Richards meldet sich zu Wort

ISC-Chef David Richards hat sich in den Reifen-Streit zwischen FIA und Herstellern eingeschaltet und schlägt ein ähnliches System wie in der Formel-1 vor.

15. Februar 2004

Michael Heimrich

Die FIA plant in Zukunft nur noch einen Einheitsreifen, von einem Hersteller, zu erlauben. Präsident Max Mosley erhofft sich dadurch nicht nur eine Reduzierung der Kosten, sondern auch der Geschwindigkeiten.

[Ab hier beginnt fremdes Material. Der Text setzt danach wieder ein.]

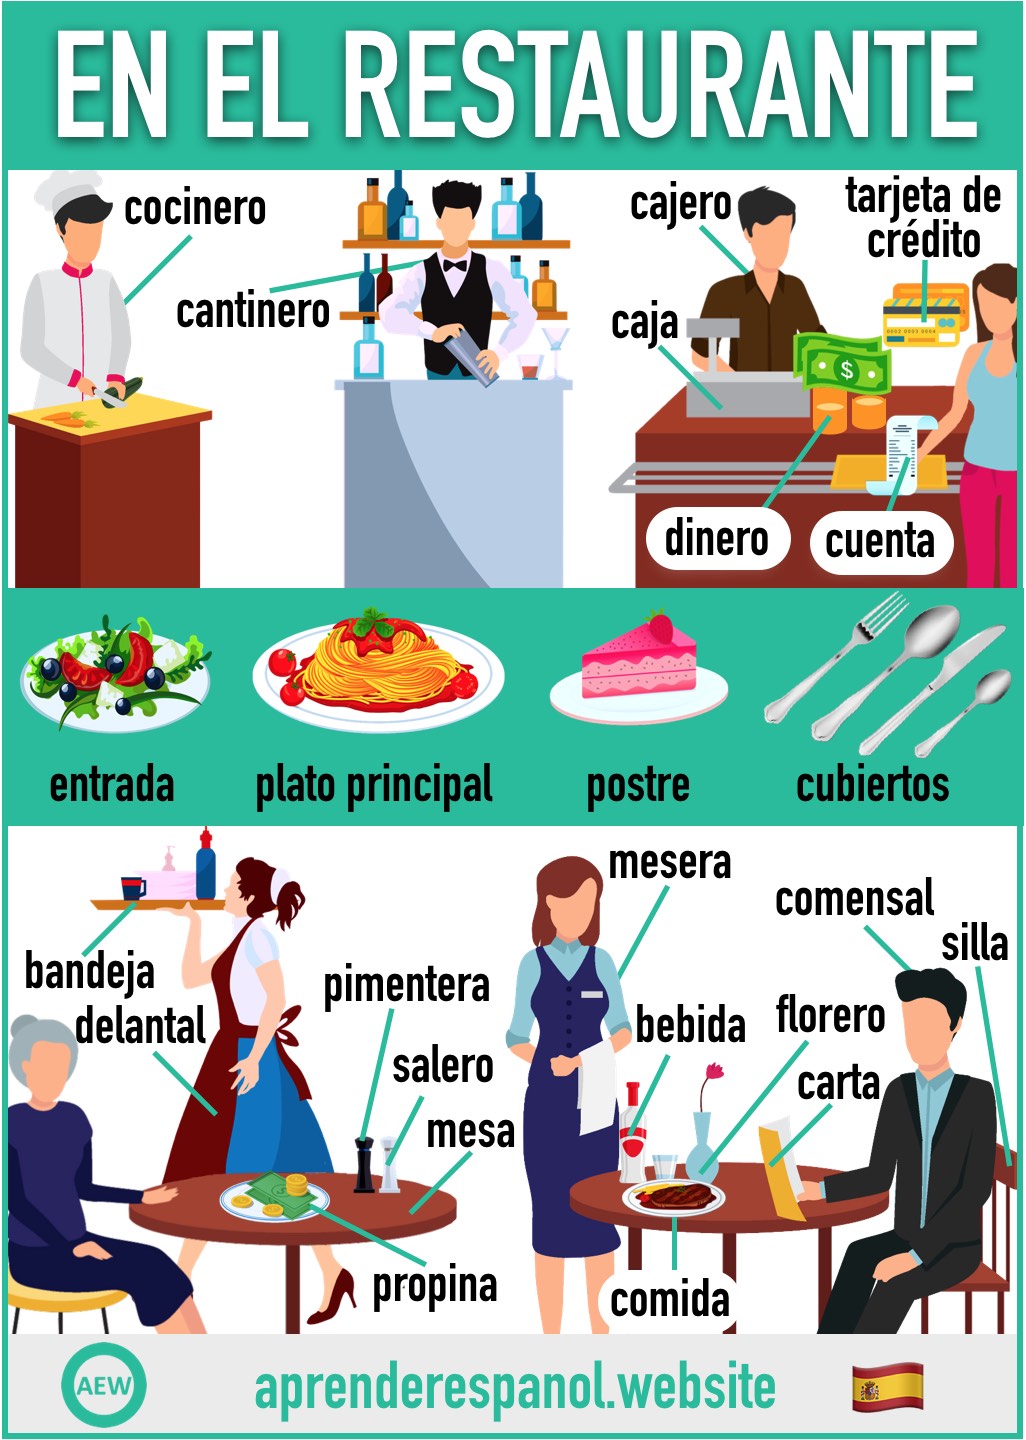 en el restaurante en español - vocabulario de los objetos en el restaurante en español - aprender español website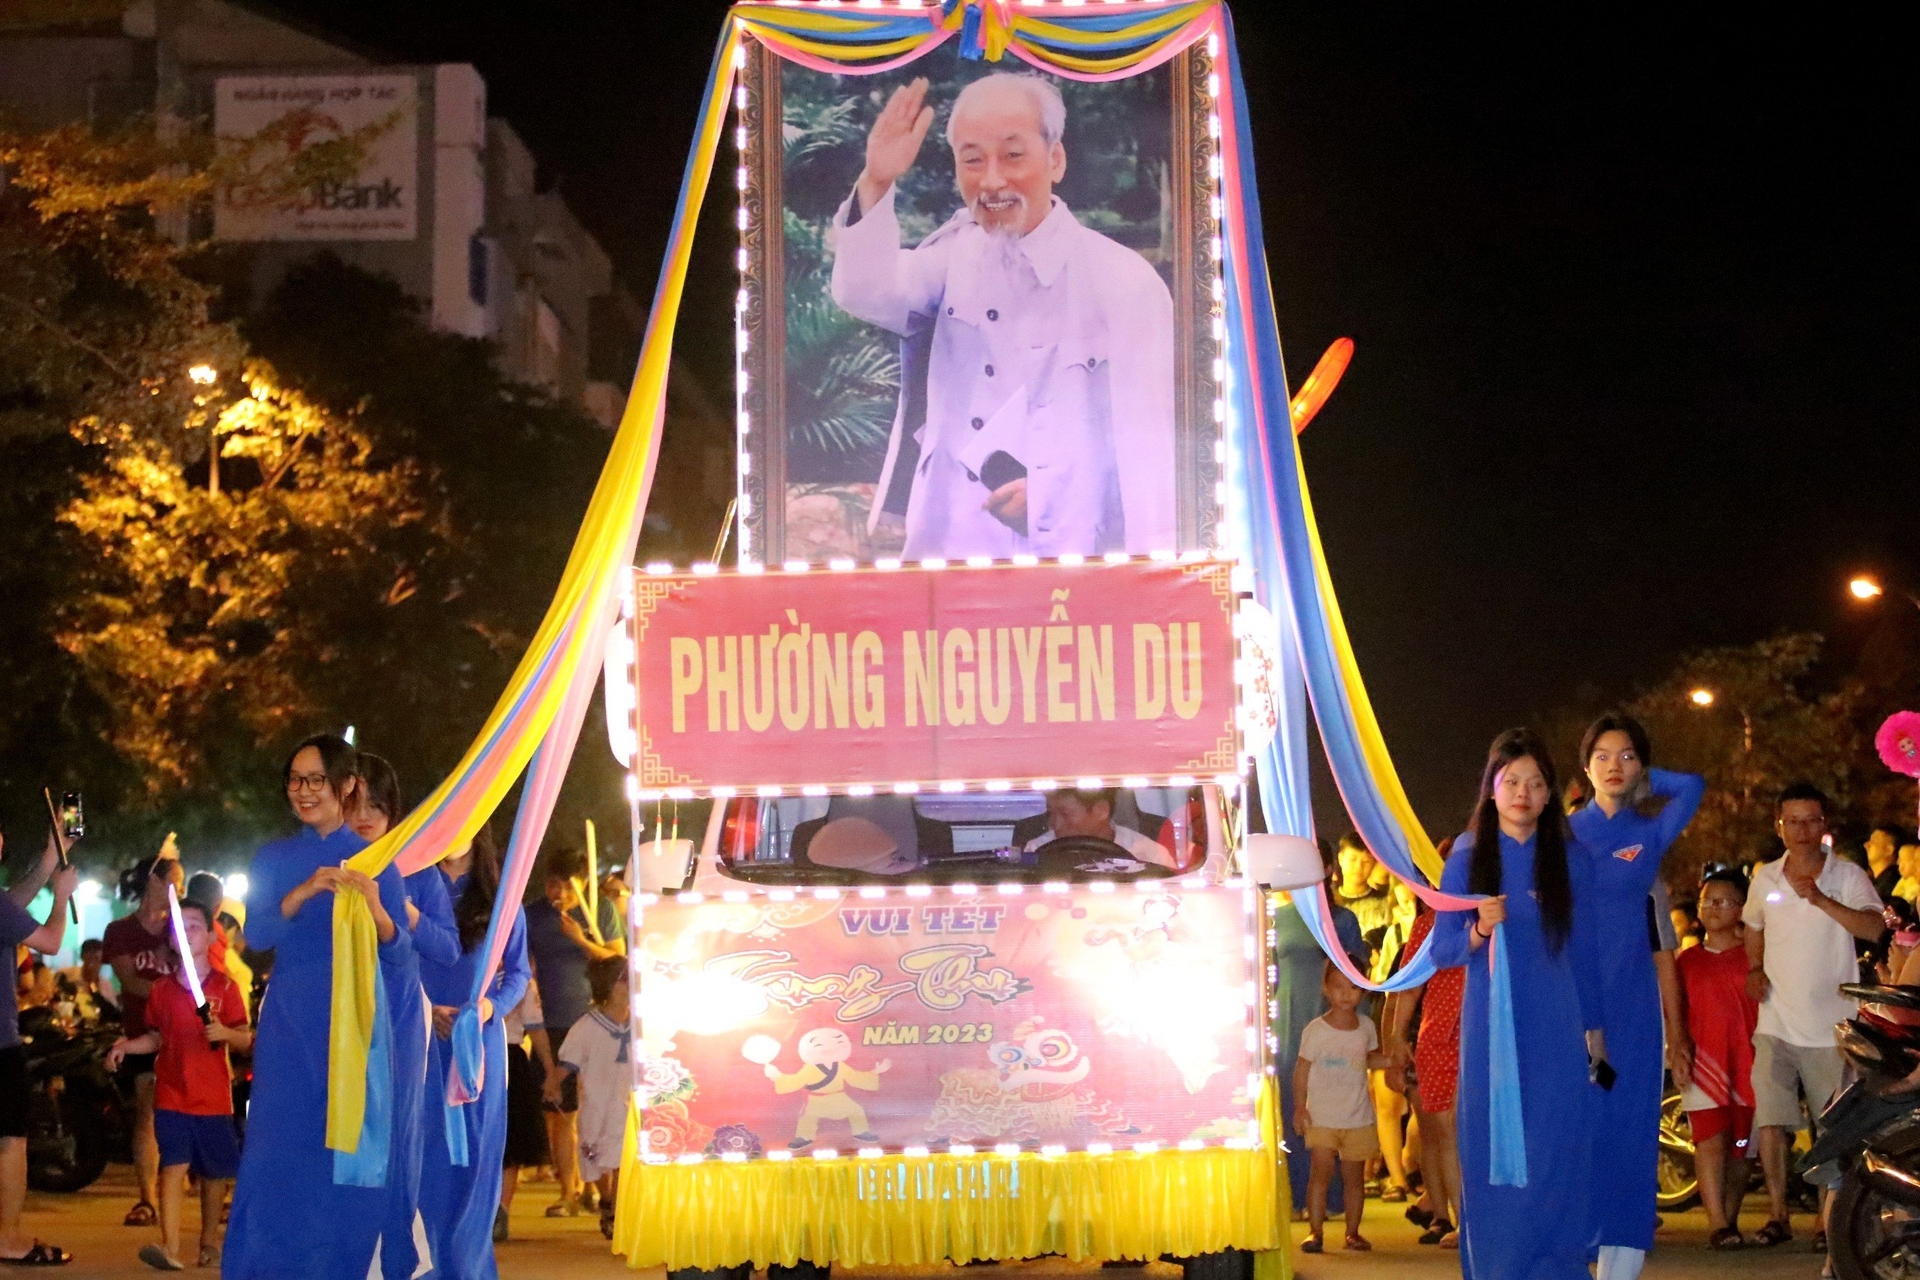 'Chúng tôi mong muốn từ thành công của phường Nguyễn Du, lễ hội rước đèn Trung thu sẽ lan tỏa đến các phường, xã khác trong toàn thành phố. Đồng thời, đặt nền móng định hướng duy trì cho các năm tiếp theo', ông Thắng nói.

Aber der Vorschlag traf auf heftige Gegenwehr, nicht nur seitens Michelin und Pirelli, sondern auch von den Teams. So sprach sich Citroen auf der Sitzung Ende Januar klar gegen diesen Vorschlag aus. „Wir sind auf alle Fälle gegen einen Einheitsreifen. Das widerspricht einfach dem Grundgedanken des Wettbewerbs“, meinte Sportchef Guy Frequelin.

Jetzt hat sich TV-Rechteinhaber David Richards zu Wort gemeldet und schlägt ein System, ähnlich dem in der Formel-1 vor. Dort dürfen die Piloten während eines Rennens auf maximal 40 Reifen und zwei Typen zurückgreifen. Der ISC-Chef glaubt, dass dieses System auch im Rallyesport anwendbar sei und dadurch die Kosten für aufwendige Reifentests gedrückt werden könnten.